The Female Society was founded in 1825 when it was originally called the “Ladies Society for the Relief of Negro Slaves” in West Bromwich, near Birmingham. Bags such as this one were produced by women at sewing circles where they worked to decorate objects with abolitionist emblems.  These items were meant to decorate their homes, but were also intended for advertising purposes and for distribution as part of their campaigning activities.

Famous recipients of these items included King George IV, Princess Victoria and other aristocrats and wives of prominent politicians.

This white silk bag is printed on the front in black with a scene of an African woman, sitting under a tree. She is holding a child in her arms. To the right an overseer wearing a broad-brimmed hat, loose shirt, cravat, short jacket, and trousers, carries a whip.  With his left hand he points toward black slaves hoeing in a field.
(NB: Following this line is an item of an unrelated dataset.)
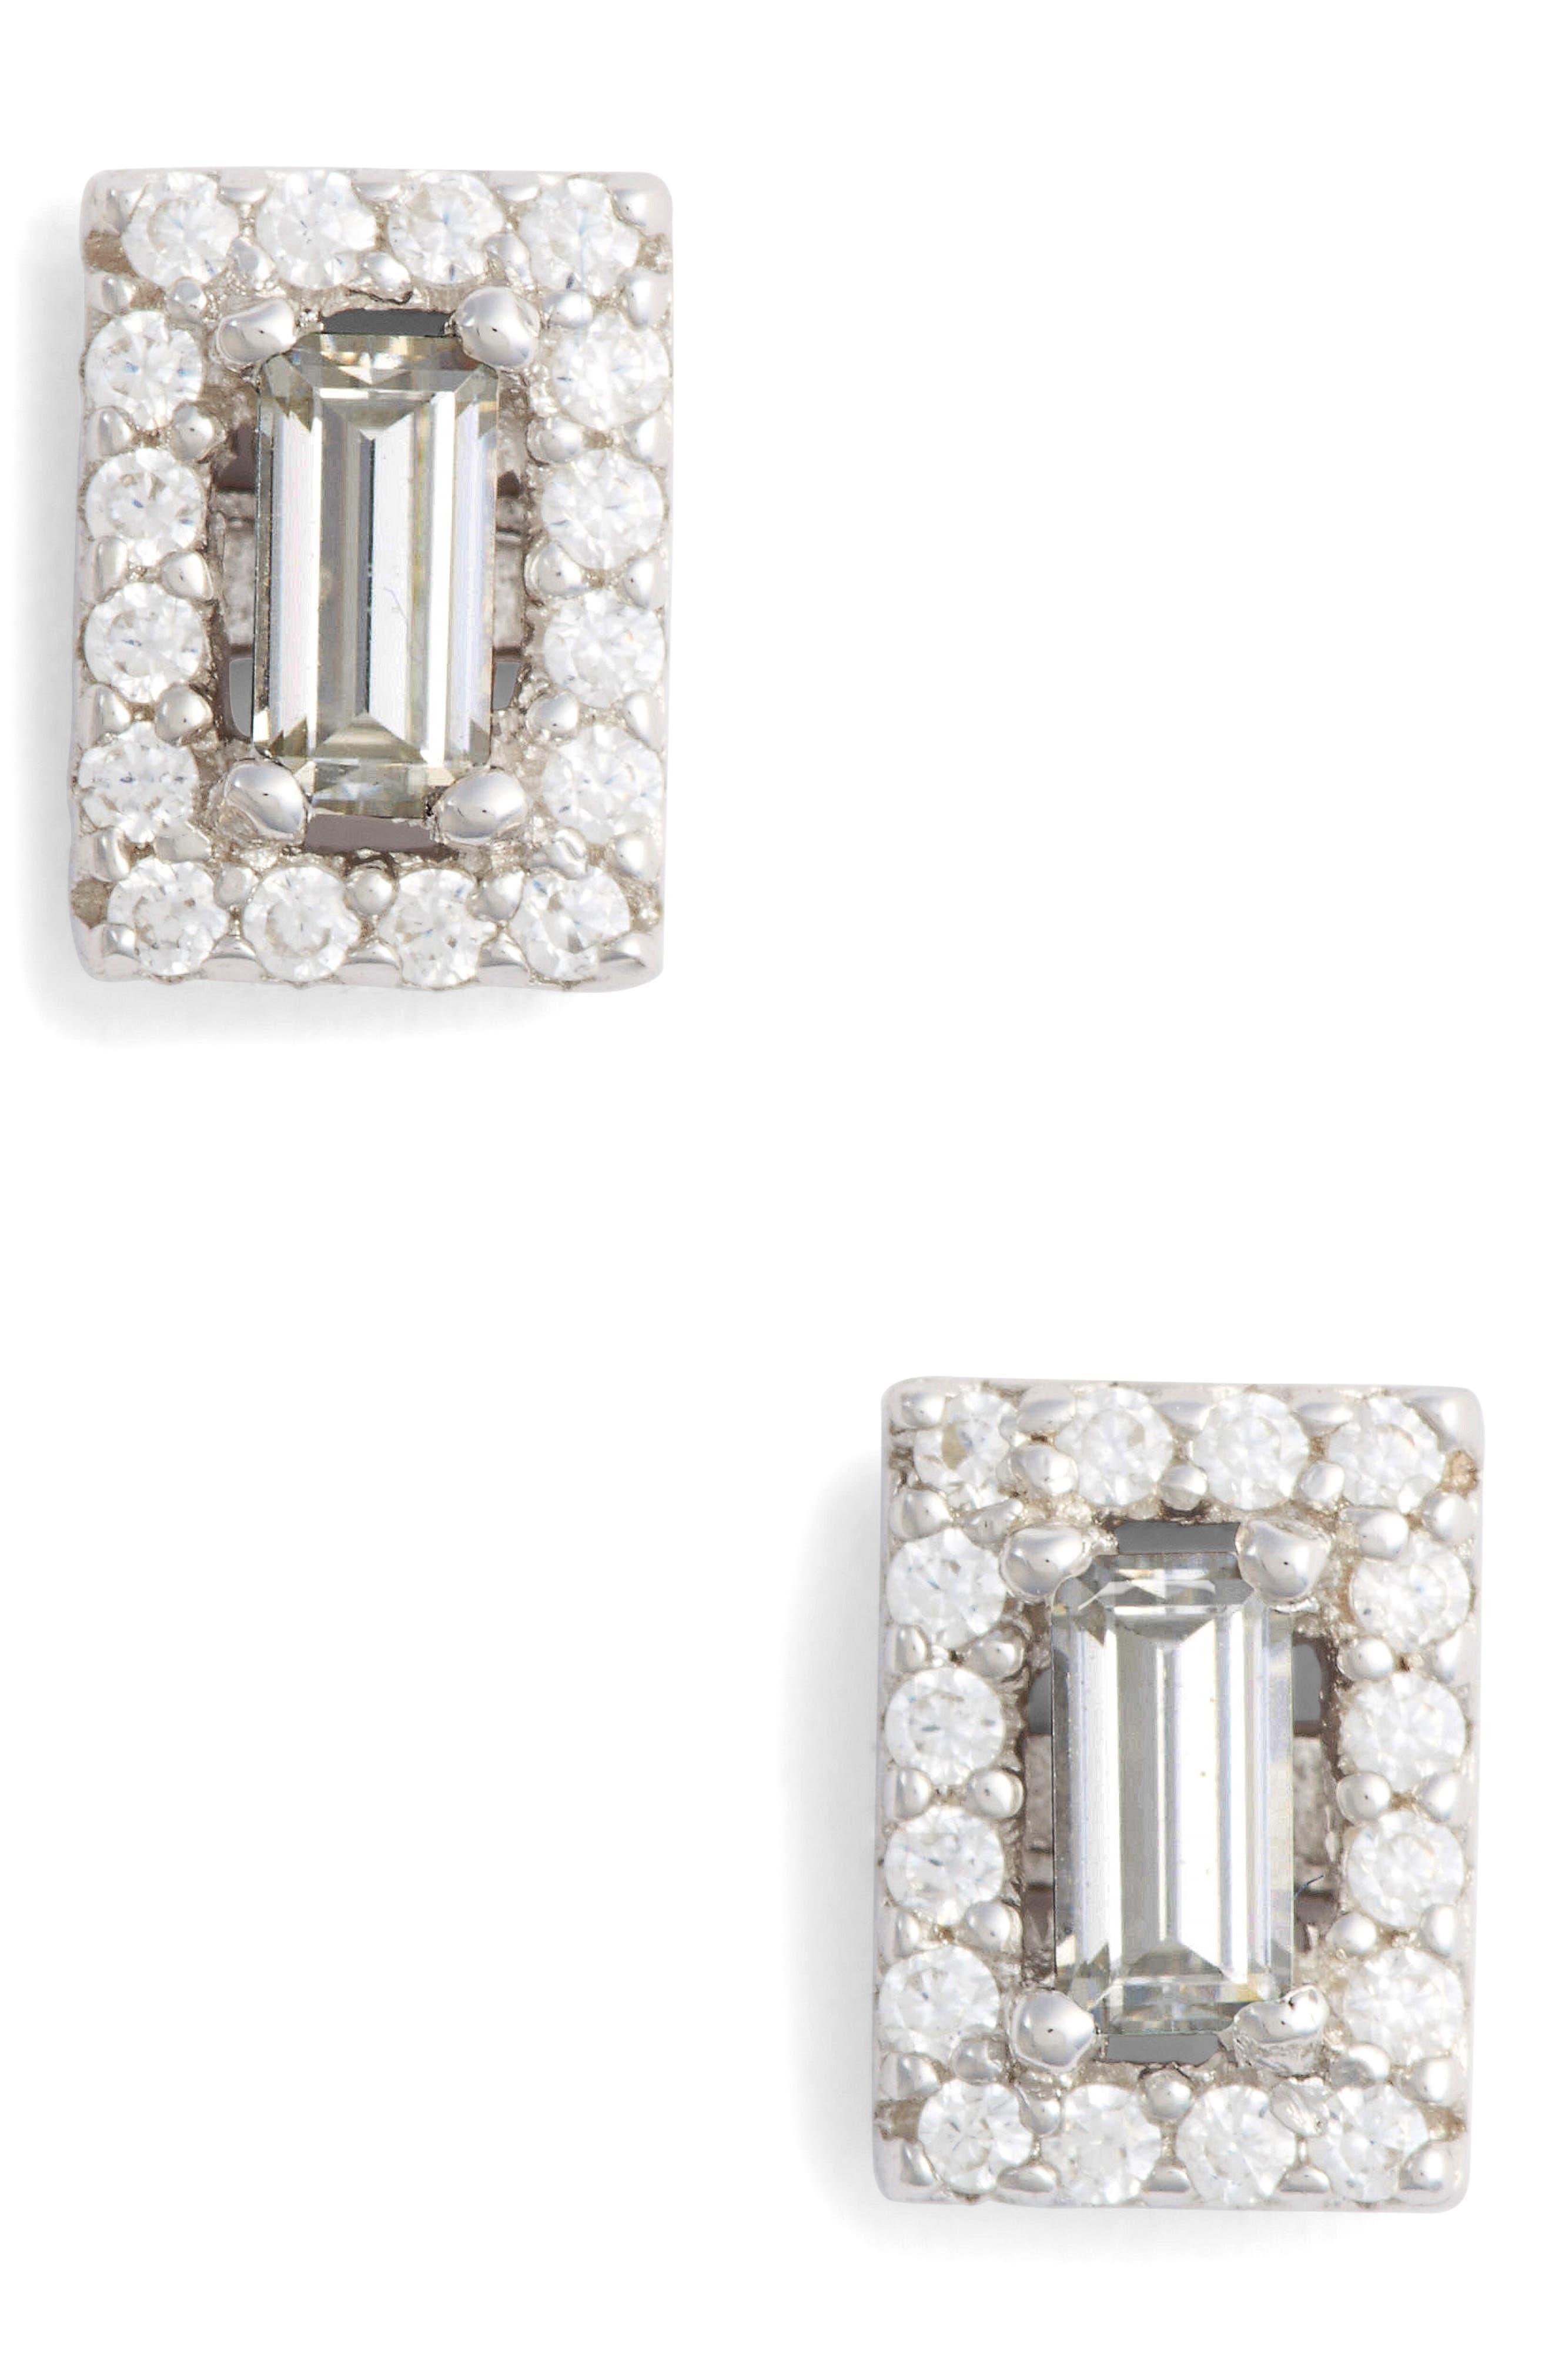 Crystal Baguette Simulated Diamond Stud Earrings,                             Main thumbnail 1, color,                             SILVER/ CLEAR

Under this powerful image is a short inscription and there is another inscription printed on the back of the bag.

The inscriptions read:

Negro Woman, who sittest pining in / captivity and weepest over thy sick / child: though noone seeth thee, / God seeth thee; though noone pitieth thee, / God pitieth thee; raise thy voice forlorn / and abandoned one; call upon him / from amidst they bonds for assuredly / He will hear thee.

Two pamphlets from the society remain in the purse from 1825.